The value 17 was found 2 times.
The value -4 was found 4 times.
如何避免输出中的双线?
答案 0 :(得分:2)
您可以使用并行数组,此示例使用char[20]以节省一些空间:
#include <stdio.h>
int count_occur(int a[], char exists[], int num_elements, int value);
void print_array(int a[], int num_elements);
int main(void) /* int main(void), please */
{
int a[20] = {2, 5, 0, 5, 5, 66, 3, 78, -4, -56, 2, 66, -4, -4, 2, 0, 66, 17, 17, -4};
char exists[20] = {0}; /* initialize all elements to 0 */
int num_occ, i;
printf("\nArray:\n");
print_array(a, 20);
for (i = 0; i < 20; i++)
{
num_occ = count_occur(a, exists, 20, a[i]);
if (num_occ) {
exists[i] = 1; /* first time, set to 1 */
printf("The value %d was found %d times.\n", a[i], num_occ);
}
}
}
int count_occur(int a[], char exists[], int num_elements, int value)

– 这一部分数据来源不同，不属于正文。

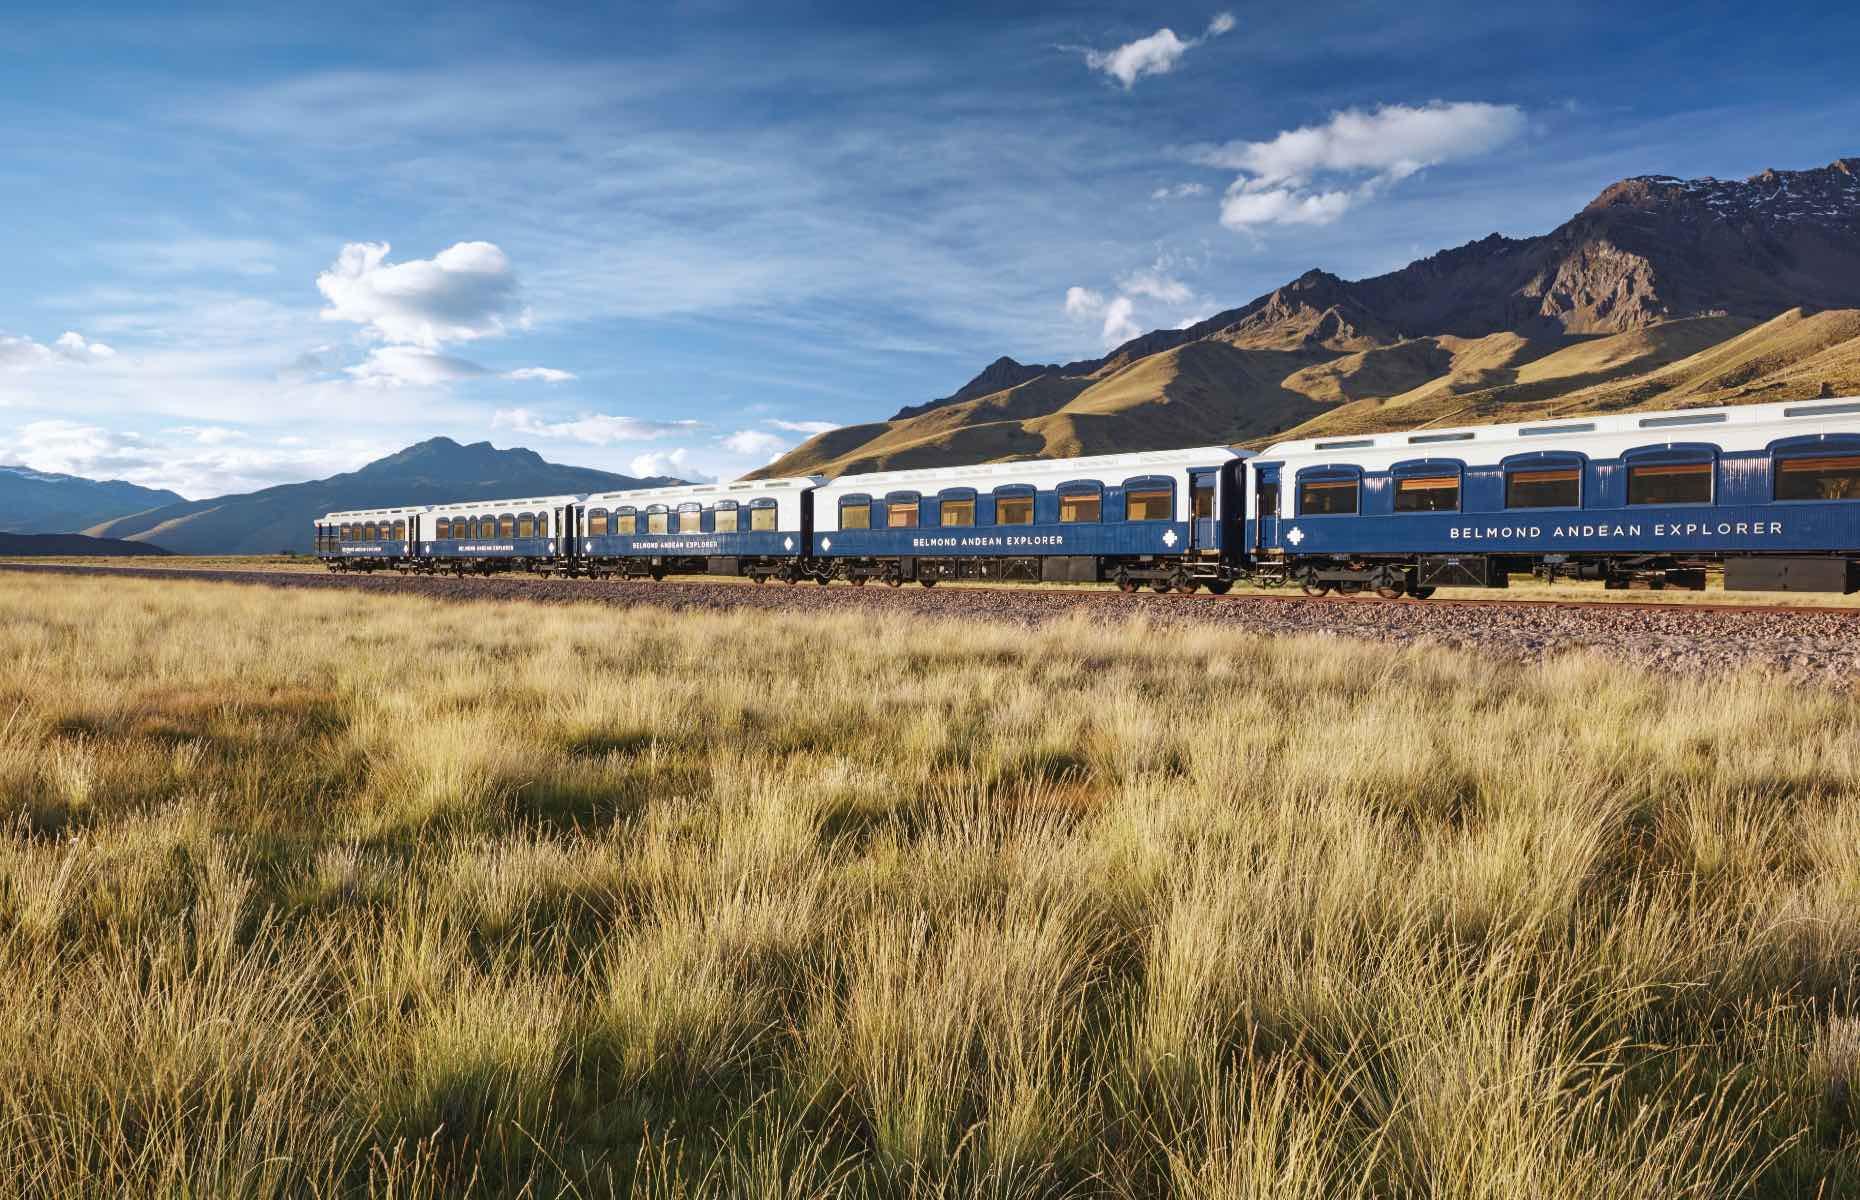 <p>Offering what’s arguably, one of the most picturesque overnight train journeys you’ll ever take, the midnight blue <a href="https://www.belmond.com/trains/south-america/peru/belmond-andean-explorer/">Andean Explorer</a> takes you through the enigmatic Andean mountains, treating you to the top natural and manmade sights of Peru. The one- or two-night journey begins in the former ancient Incan capital of Cusco and ends in the UNESCO World Heritage Site of Arequipa, taking in epic sights such as Lake Titicaca and Colca Canyon on the way.</p>

/* checks array a for number of occurrances of value */
{
int i, count = 0;
for (i = 0; i < num_elements; i++)
{
if (a[i] == value)
{
if (exists[i] != 0) return 0;
++count; /* it was found */
}
}
return (count);
}
void print_array(int a[], int num_elements)
{
int i;
for (i = 0; i<num_elements; i++)
{
printf("%d ", a[i]);
}
printf("\n");
}
此方法速度更快,因为它会跳过已经加入的值并开始从i中的count_ocurr进行迭代:
#include <stdio.h>
int count_occur(int a[], char map[], int num_elements, int start);
void print_array(int a[], int num_elements);
int main(void)
{
int a[20] = {2, 5, 0, 5, 5, 66, 3, 78, -4, -56, 2, 66, -4, -4, 2, 0, 66, 17, 17, -4};
char map[20] = {0};
int num_occ, i;
printf("\nArray:\n");
print_array(a, 20);
for (i = 0; i < 20; i++)
{
if (map[i] == 0) {
num_occ = count_occur(a, map, 20, i);
printf("The value %d was found %d times.\n", a[i], num_occ);
}
}
}
int count_occur(int a[], char map[], int num_elements, int start)
/* checks array a for number of occurrances of value */
{
int i, count = 0, value = a[start];
for (i = start; i < num_elements; i++)
{
if (a[i] == value)
{
map[i] = 1;
++count; /* it was found */
}
}
return (count);
}
void print_array(int a[], int num_elements)
{
int i;
for (i = 0; i< num_elements; i++)
{
printf("%d ", a[i]);
}
printf("\n");
}
答案 1 :(得分:1)
如果当前索引也是相关数字第一次出现的索引,我建议只打印该语句。
在count_occur内,你有i中每个匹配的索引。如果您将i从main传递到count_occur,则可以执行以下操作:如果该值大于i中的count_occur,则返回-1 。然后,如果在main中得到-1,则不要打印。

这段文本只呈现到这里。